As a Data Scientist within the Auto Finance Data & Analytics team, you will leverage advance analytics and AI/ML to support product teams, build analytical solutions, guide strategic business decisions, and enable growth initiatives.
You will partner closely with Product, Technology, Design, Risk, and other cross-functional teams to translate complex business questions into analytical and AI/ML solutions. The ideal candidate is a hands-on analytics practitioner who combines strong technical skills, business judgment, intellectual curiosity, and a passion for applying modern analytics and technology to deliver business outcomes.
Job Responsibilities:
- Conduct deep-dive analyses to generate actionable insights and recommendations that streamline business processes and uncover potential areas for product innovation and growth
- Present insights and recommendations to Auto Business leaders using data-driven storytelling to help guide the strategic direction of the organization
- Partner with Business, Product and Technology teams to implement data-driven strategies and models/algorithms that drive business growth and customer engagement
- Develop and apply advanced statistical analyses and mathematical models to analyze complex data trends and patterns
- Leverage AI tools (e.g., LLM Suite, GitHub Copilot, etc.) to work more efficiently, accelerate analysis, and identify opportunities for innovation
- Understand end-to-end digital customer engagement funnel and derive insights on how to improve conversion rates
- Evolve and refine measurement frameworks and KPIs for customer measurement, highlighting anomalies or trends to senior leaders
Required qualification, capabilities and skills:
- 3+ years relevant experience in AI/ML, data science, or related fields.

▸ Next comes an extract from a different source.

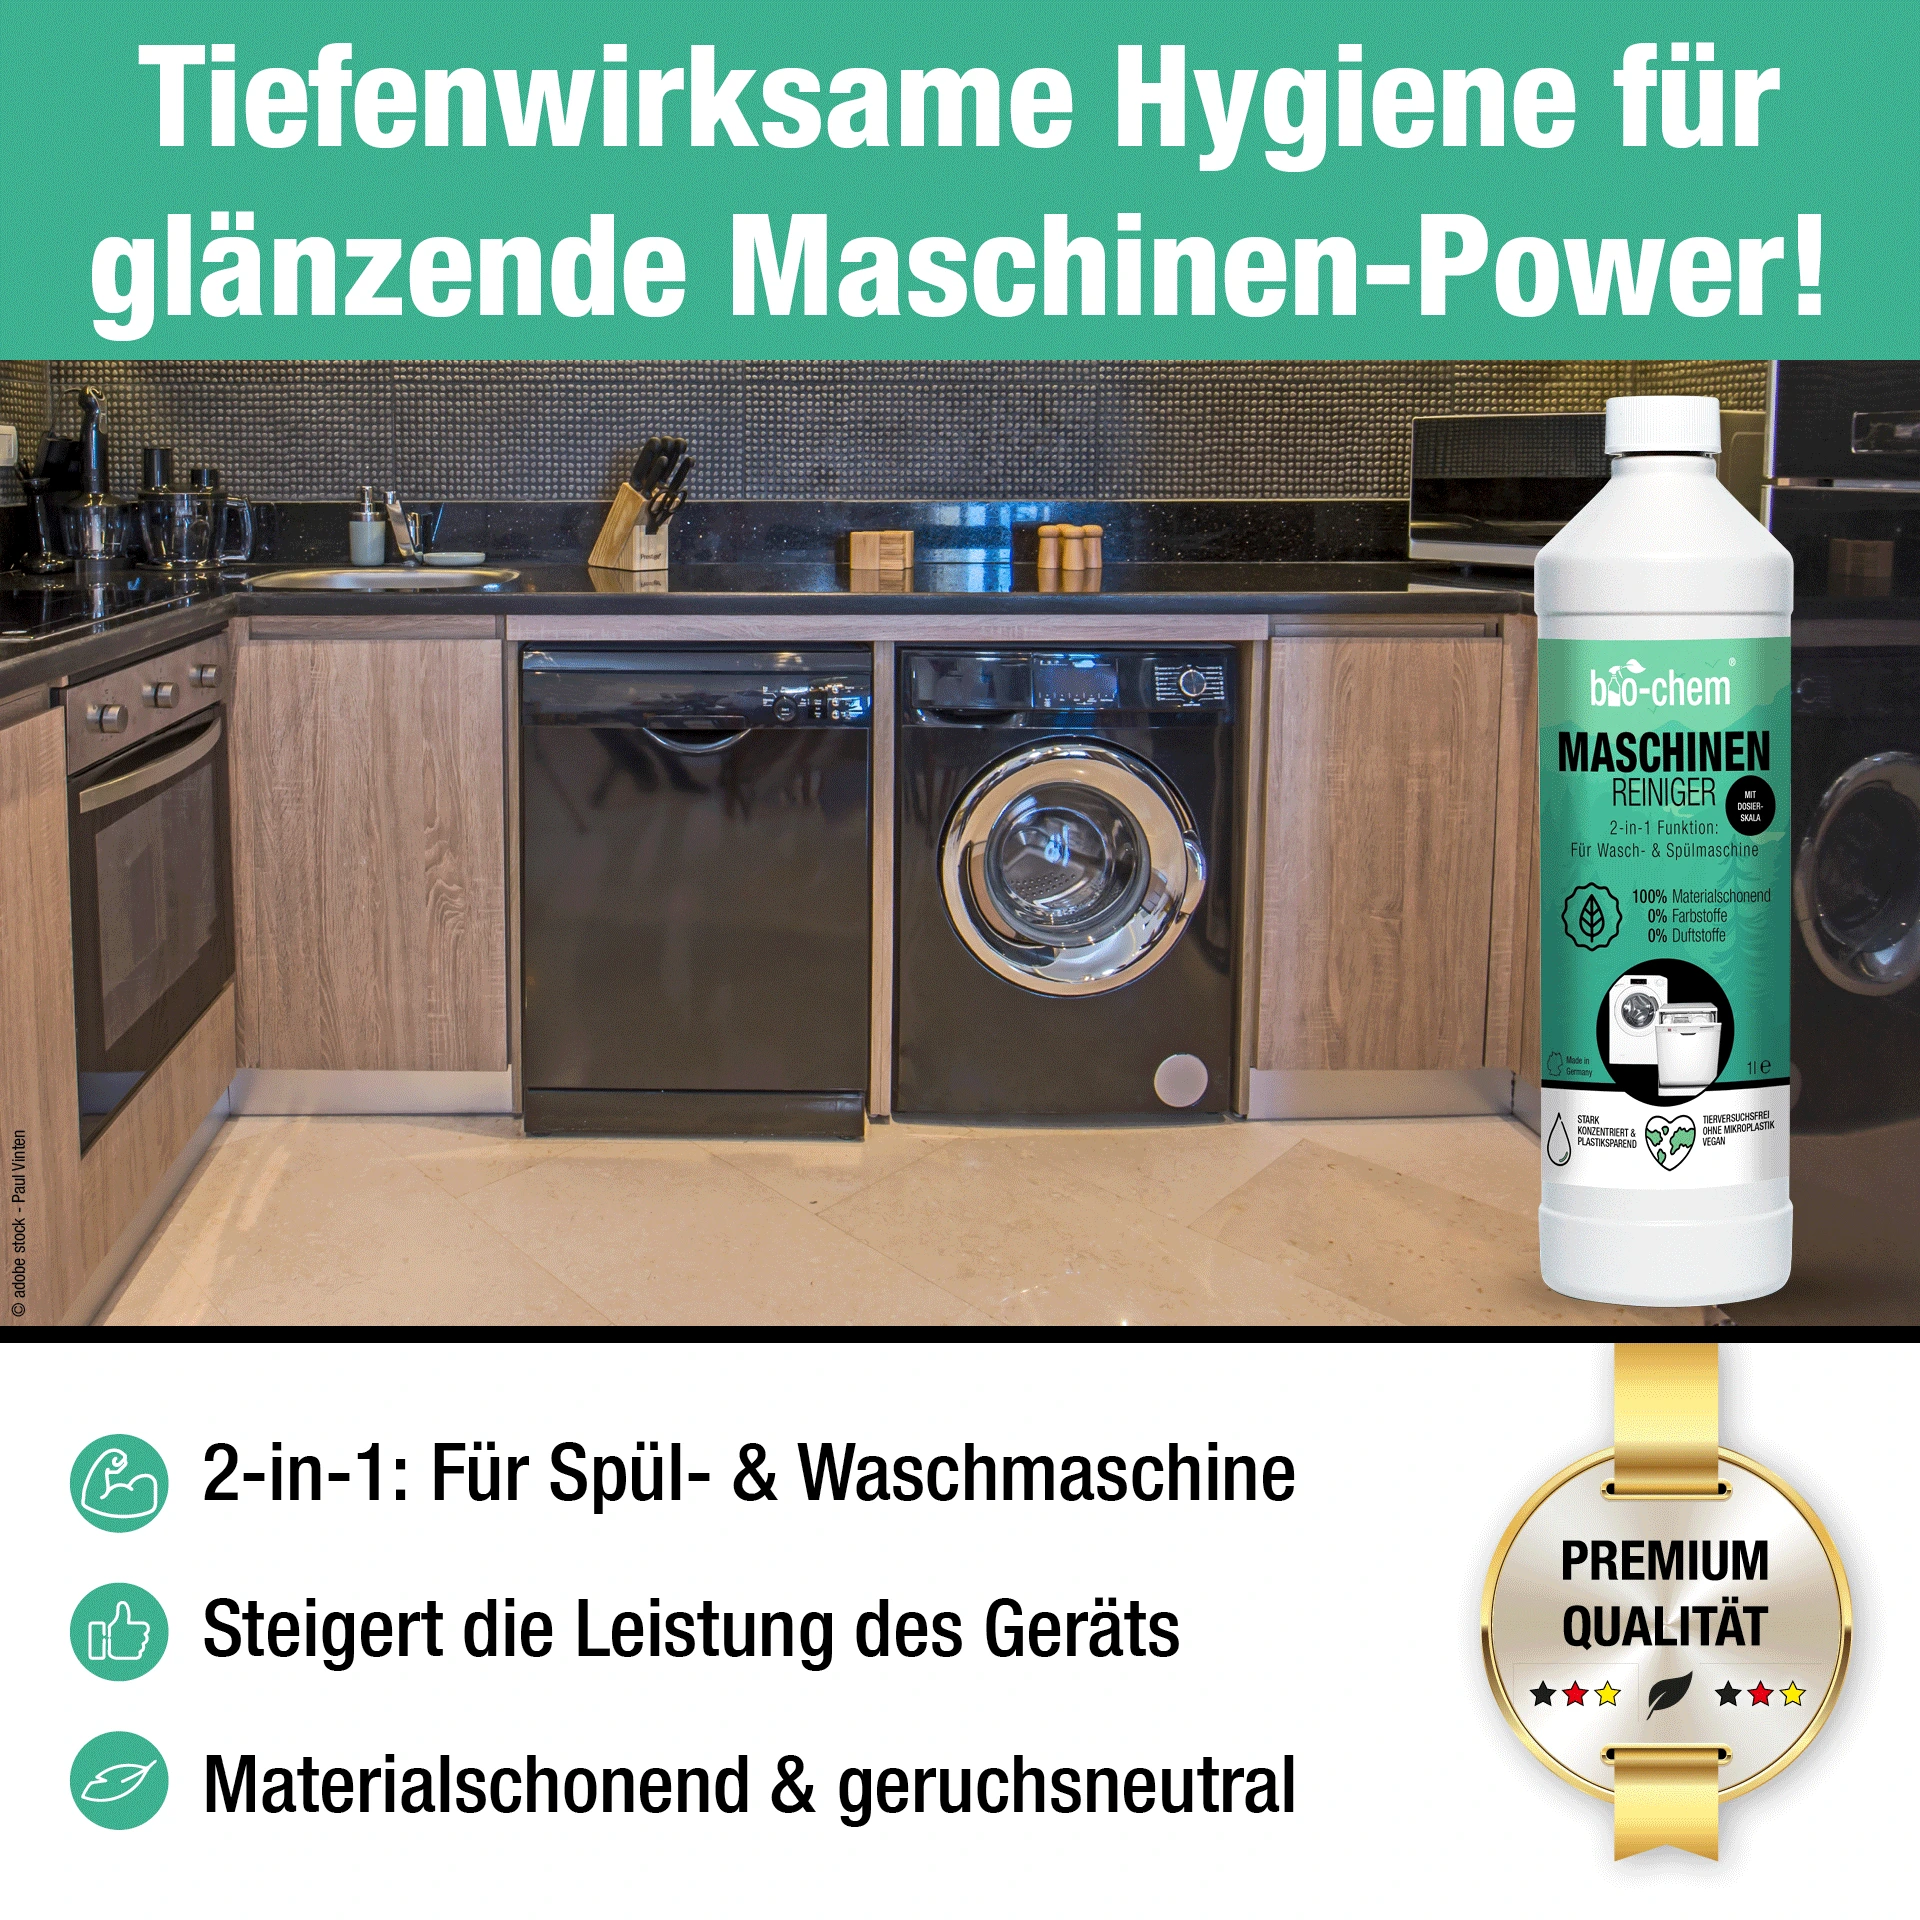 Tiefenwirksame Hygiene für glänzende Maschinen-Power!

- Strong background in analyzing and translating digital customer behavior data into actionable insights and recommendations for Business leaders. Experience defining KPIs, measurement frameworks, and anomaly monitoring for digital products.
- Proficient in developing predictive models and utilizing ML algorithms such as logistic regression, KNN, random forest, and Gradient boosting for classification problems.
- Solid understanding of statistical concepts for data analysis and experience with designing and evaluating A/B experiments.
- Experience with Adobe Analytics, Tableau, Alteryx, SQL, Python, and AWS.
- Expertise in prompt engineering and AI-assisted development using LLM Suite, GitHub Copilot Skills, VS Code, etc. to improve LLM output quality and reliability while boosting daily workflow productivity and innovation.
- Experience in building Conversational AI applications and in orchestrating AI/ML services for building a complete solution.
- Demonstrated initiative in learning and applying AI/LLM technologies to business problems and projects.
- Skilled in synthesizing and presenting business insights, recommendations and complex analytical results to executives, business partners, and technical resources across various teams.